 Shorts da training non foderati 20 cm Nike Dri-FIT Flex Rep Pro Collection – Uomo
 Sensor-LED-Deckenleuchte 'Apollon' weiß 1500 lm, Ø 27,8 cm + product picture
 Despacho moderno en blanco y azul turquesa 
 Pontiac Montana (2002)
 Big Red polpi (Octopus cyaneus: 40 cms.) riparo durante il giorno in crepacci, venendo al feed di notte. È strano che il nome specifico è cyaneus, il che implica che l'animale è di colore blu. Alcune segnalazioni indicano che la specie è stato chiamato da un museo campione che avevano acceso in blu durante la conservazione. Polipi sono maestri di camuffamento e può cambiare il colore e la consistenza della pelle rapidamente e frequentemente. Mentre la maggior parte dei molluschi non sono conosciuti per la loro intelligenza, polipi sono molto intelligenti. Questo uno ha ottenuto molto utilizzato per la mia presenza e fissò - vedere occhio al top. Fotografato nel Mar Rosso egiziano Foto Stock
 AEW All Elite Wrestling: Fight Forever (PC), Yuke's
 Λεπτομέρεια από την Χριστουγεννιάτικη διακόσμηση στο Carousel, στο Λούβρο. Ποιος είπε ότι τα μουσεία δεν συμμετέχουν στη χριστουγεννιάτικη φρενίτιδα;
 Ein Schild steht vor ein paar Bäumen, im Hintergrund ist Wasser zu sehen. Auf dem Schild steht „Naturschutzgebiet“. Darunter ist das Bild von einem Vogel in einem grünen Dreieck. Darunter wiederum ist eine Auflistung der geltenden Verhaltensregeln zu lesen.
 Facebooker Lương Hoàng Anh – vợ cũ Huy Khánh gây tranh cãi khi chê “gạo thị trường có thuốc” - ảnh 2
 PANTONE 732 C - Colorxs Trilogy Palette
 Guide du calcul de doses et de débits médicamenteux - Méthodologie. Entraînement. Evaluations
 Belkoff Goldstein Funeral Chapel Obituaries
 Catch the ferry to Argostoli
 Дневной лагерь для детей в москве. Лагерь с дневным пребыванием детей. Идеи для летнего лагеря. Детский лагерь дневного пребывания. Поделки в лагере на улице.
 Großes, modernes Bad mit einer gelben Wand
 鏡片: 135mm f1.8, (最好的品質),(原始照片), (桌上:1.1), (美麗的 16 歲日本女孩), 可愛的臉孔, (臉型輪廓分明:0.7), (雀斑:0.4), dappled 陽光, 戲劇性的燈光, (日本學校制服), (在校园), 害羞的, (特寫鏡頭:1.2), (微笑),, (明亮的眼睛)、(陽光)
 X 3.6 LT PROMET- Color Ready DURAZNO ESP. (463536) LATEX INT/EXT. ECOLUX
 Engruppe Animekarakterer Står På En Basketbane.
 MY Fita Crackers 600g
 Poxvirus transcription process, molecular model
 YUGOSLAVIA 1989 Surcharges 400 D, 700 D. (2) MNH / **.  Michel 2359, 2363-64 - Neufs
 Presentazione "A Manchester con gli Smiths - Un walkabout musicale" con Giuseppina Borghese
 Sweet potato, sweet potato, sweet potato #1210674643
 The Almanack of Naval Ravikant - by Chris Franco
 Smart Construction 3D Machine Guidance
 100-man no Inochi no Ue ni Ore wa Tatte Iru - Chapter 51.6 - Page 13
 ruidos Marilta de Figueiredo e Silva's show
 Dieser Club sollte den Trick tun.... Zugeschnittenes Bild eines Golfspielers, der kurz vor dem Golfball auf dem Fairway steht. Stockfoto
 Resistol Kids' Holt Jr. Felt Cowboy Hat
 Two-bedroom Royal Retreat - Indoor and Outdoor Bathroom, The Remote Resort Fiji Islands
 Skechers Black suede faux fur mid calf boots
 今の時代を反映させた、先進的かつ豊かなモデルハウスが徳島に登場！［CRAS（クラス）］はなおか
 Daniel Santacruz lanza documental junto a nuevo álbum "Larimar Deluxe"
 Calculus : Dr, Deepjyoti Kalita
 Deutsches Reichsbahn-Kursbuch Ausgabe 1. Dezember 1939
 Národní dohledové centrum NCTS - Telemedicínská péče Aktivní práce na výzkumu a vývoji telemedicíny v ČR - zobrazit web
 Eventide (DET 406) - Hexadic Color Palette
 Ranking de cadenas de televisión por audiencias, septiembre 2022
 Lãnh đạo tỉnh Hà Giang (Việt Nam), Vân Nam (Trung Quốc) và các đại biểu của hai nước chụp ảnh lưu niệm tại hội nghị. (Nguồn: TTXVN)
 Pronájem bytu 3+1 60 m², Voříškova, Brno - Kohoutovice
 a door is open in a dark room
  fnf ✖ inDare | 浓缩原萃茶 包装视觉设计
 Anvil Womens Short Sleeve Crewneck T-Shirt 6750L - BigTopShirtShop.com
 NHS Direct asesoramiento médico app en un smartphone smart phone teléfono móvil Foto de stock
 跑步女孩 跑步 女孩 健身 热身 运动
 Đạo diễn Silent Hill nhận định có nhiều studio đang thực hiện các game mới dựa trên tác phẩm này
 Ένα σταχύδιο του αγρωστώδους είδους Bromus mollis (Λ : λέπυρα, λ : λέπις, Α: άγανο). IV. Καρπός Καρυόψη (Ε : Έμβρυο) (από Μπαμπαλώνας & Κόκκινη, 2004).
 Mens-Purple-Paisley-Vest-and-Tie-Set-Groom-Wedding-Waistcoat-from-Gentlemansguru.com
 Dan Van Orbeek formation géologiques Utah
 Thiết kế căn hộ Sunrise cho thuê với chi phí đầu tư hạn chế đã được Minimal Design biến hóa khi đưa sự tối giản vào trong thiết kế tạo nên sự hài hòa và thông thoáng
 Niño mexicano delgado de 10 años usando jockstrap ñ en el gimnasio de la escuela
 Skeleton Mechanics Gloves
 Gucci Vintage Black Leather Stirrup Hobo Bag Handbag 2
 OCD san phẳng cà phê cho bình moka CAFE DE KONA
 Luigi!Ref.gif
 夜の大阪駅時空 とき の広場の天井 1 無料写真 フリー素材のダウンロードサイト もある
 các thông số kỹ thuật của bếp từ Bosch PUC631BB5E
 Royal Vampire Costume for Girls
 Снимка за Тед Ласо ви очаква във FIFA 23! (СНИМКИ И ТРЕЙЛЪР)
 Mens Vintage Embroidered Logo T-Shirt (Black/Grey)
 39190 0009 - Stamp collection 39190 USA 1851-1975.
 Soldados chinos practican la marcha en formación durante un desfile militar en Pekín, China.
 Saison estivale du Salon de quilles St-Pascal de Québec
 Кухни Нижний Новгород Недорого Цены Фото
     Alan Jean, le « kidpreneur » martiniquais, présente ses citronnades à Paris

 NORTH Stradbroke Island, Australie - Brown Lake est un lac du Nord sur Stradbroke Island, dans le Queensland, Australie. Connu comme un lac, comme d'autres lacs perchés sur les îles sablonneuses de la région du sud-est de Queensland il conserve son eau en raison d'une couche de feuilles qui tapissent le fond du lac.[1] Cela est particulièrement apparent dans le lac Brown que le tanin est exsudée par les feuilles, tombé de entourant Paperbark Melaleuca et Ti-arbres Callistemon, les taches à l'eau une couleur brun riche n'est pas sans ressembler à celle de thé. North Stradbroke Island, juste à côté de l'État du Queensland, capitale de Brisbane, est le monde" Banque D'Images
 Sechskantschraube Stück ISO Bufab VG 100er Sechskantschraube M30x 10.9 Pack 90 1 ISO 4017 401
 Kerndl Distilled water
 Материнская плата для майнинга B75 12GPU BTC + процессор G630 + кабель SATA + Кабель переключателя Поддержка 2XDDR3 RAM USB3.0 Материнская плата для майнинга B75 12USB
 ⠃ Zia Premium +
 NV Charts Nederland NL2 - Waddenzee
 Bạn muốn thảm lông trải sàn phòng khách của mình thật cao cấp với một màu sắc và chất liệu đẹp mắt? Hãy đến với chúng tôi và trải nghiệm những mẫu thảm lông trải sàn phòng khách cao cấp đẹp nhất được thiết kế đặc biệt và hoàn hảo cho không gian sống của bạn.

________________________

_Exercise_: An exact, complete copy of the lines above from the one with "夜の大阪駅時空 とき の広場の天井 1 無料写真 フリー素材のダウンロードサイト もある" through the one with "Saison estivale du" is the whole answer.

_Answer for the task_:
 夜の大阪駅時空 とき の広場の天井 1 無料写真 フリー素材のダウンロードサイト もある
 các thông số kỹ thuật của bếp từ Bosch PUC631BB5E
 Royal Vampire Costume for Girls
 Снимка за Тед Ласо ви очаква във FIFA 23! (СНИМКИ И ТРЕЙЛЪР)
 Mens Vintage Embroidered Logo T-Shirt (Black/Grey)
 39190 0009 - Stamp collection 39190 USA 1851-1975.
 Soldados chinos practican la marcha en formación durante un desfile militar en Pekín, China.
 Saison estivale du Salon de quilles St-Pascal de Québec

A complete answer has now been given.